If we put the value of v in the above formula, we get:
\[\begin{array}{l}
t = \dfrac{{2L}}{v}\\
\Rightarrow t = \dfrac{{2L\mu }}{c}
\end{array}\]
If we considered the value of change in frequency we know,
$\Delta f = \dfrac{c}{{2\mu L}}$, when $\Delta N = 1$.
We can easily see that the above equation is just the reciprocal of the equation of $t$.
Hence, proved: $\Delta f = \dfrac{1}{t}$.
D) In this part we have to calculate the fractional shift in the frequency.
The mathematical representation of fractional shift in the frequency is:$\dfrac{{\Delta f}}{f}$.

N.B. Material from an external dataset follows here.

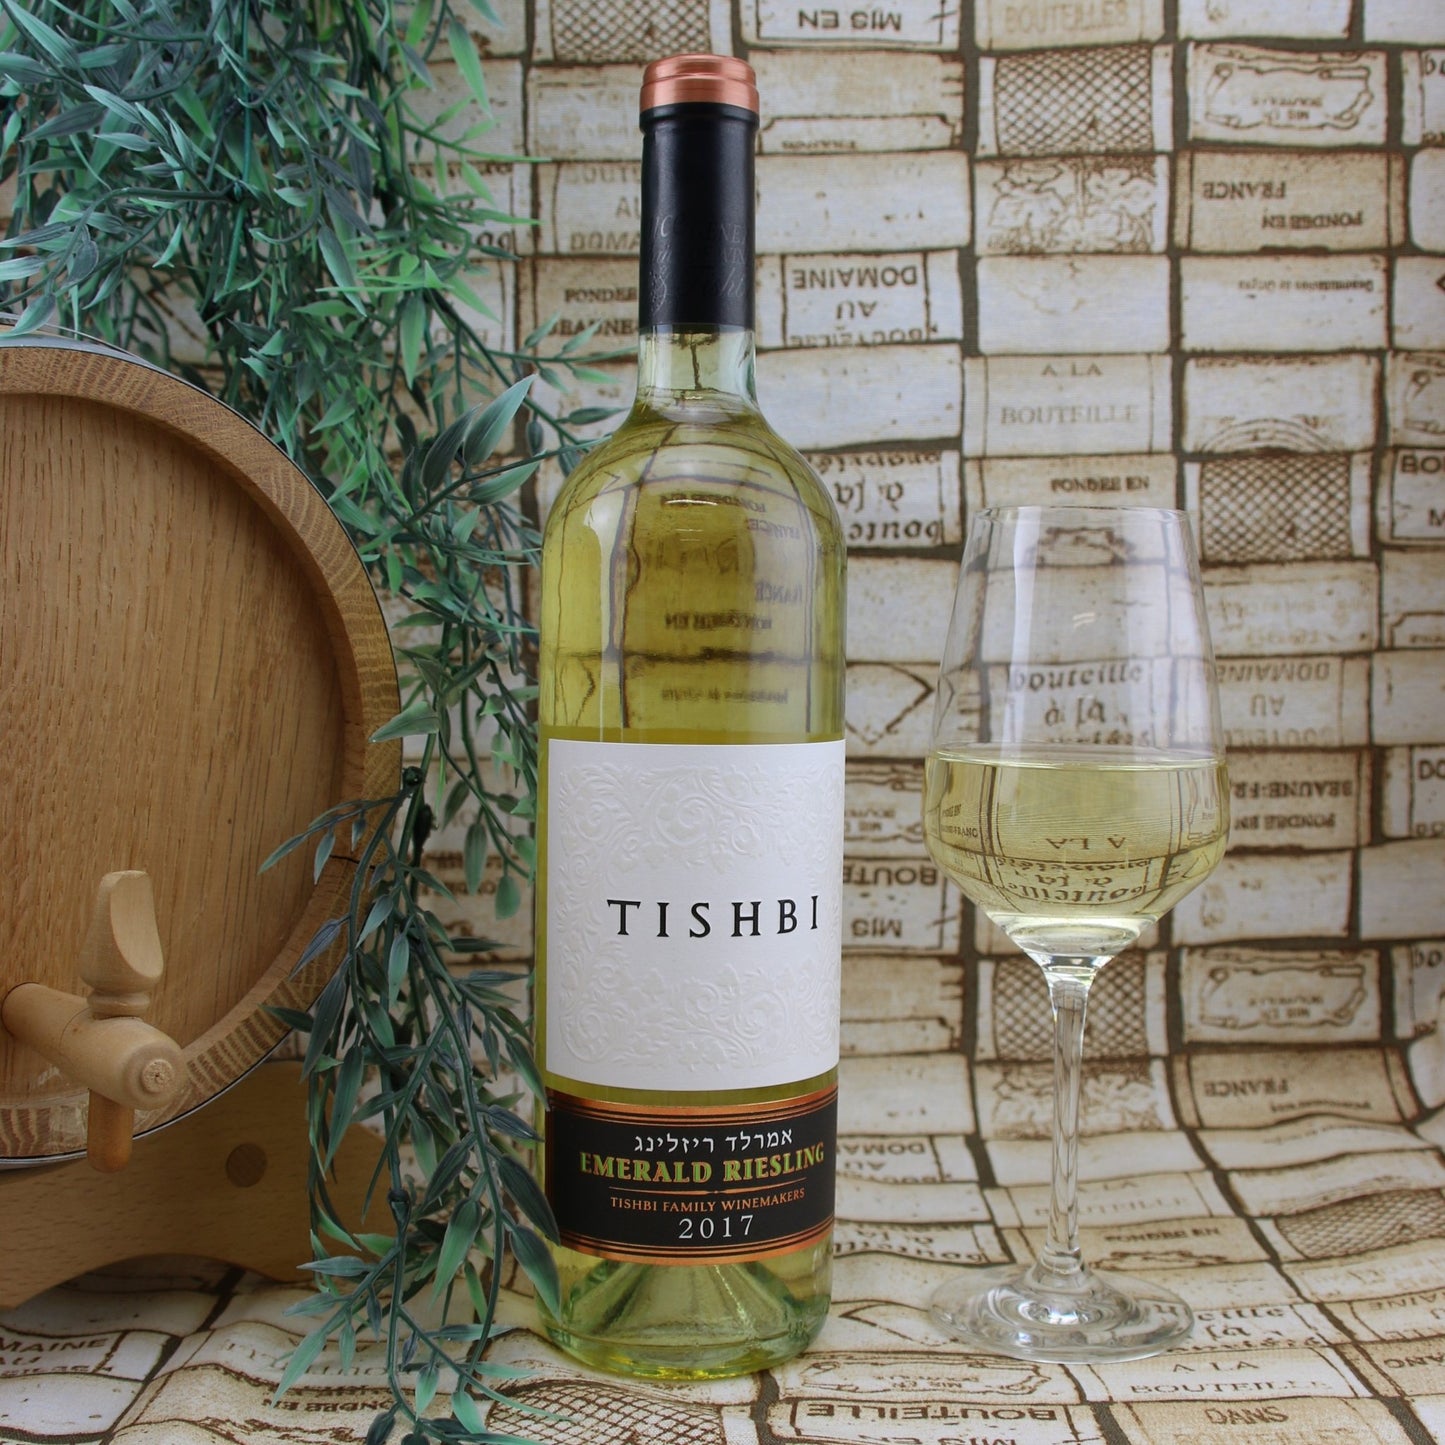 Tishbi Emerald Riesling - Israelwein

Now we know that $f = \dfrac{c}{\lambda }$we will put this value of f in the formula of fractional shift in frequency:
$\dfrac{{\Delta f}}{f} = \dfrac{{\Delta f\lambda }}{c}$
We know the values of $\Delta f$, $\lambda $and c and we have to put them in the above equation,
$\begin{array}{l}
\dfrac{{\Delta f}}{f} = \dfrac{{1.43 \times {{10}^9} \times 694 \times {{10}^{ - 9}}}}{{3 \times {{10}^8}}}\\
\Rightarrow \dfrac{{\Delta f}}{f} = \dfrac{{1.43 \times {{10}^9} \times 694 \times {{10}^{ - 9}}}}{{3 \times {{10}^8}}}\\
\Rightarrow \dfrac{{\Delta f}}{f} = 3.308 \times {10^{ - 6}}
\end{array}$
Hence, the fractional shift infrequency is equal to $3.308 \times {10^{ - 6}}$.

Note: In the question students should calculate the required quantities one by one and use them to calculate the quantities in the next parts. If one tries to calculate every quantity from the very beginning then it will consume a lot more time than it should take.